January’s average mean temperature of 19.8 degrees was just 1.0 degree below normal. Norfolk’s warmest January on record was in 2002 with an average temperature of 31.7 degrees and the coldest was in 1982 with 11.7 degrees. The month’s high temperature of 58 degrees was observed on Jan. 12. This was a record high for that date, beating the old high of 52 set in 1932 and 2017. The low temperature of minus 10 degrees was observed on Jan. 7. There were two low temperature records this month, Jan. 1 with minus 8 tied the previous 1964 record, and the minus 10 on Jan. 12 surpassed the previous record of minus 7 set in 1942.

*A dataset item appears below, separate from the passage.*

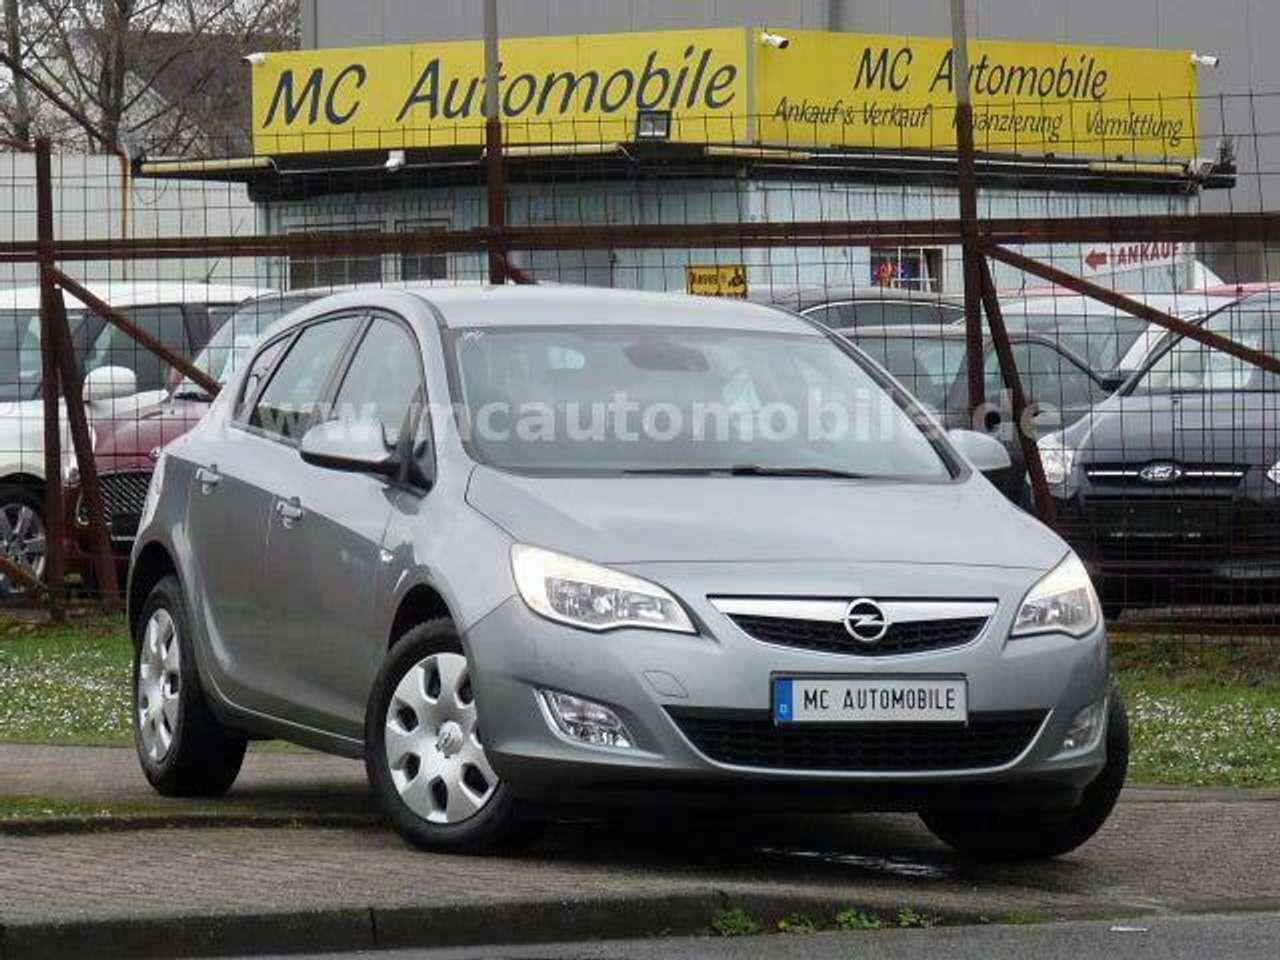 Autos nach Opel Astra 1.4 Turbo

January’s total precipitation of 5.55 inches was 1.54 inches above normal. Not that impressive, but it was Norfolk’s 16th wettest January in the last 87 years. The wettest January was in 1979 with 11.77 inches. The monthly snowfall total of 20.2 inches was just 0.7 inch below normal. The snowiest January was in 1987 with 50.5 inches. The snowfall for the 2017-18 winter season, October through January, was 36.6 inches, which is 8.8 inches below normal.

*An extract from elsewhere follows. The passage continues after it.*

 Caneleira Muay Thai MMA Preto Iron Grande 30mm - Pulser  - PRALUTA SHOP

The biggest weather story from January was probably the flooding that occurred after the rapid warm-up and heavy rainfall on Jan. 11-13. Going from record lows to record highs in a matter of days, plus getting 2.62 inches of rain on top of our 10 inches of snow on the ground certainly added to flooding concerns. For people along the Housatonic and Connecticut Rivers it was ice jam issues, fairly uncommon for us here in southern New England.
A look at February’s weather through mid-month shows that the wild swings in temperature and some fairly impressive rainfall totals continue to be a factor. Temperatures were running nearly four degrees above normal with precipitation already about a half inch above the normal monthly amount. With record warmth on Feb. 12 and more in the forecast for Feb. 20-22 it seems our up-and-down winter will continue. On the plus side, the February warm-up has resulted in Great Mountain Forest’s second earliest maple sap collection in over 70 years.
Weather observations are recorded by the Great Mountain Forest at Norfolk’s National Weather Service Cooperative Weather Observer Station, Norfolk 2SW.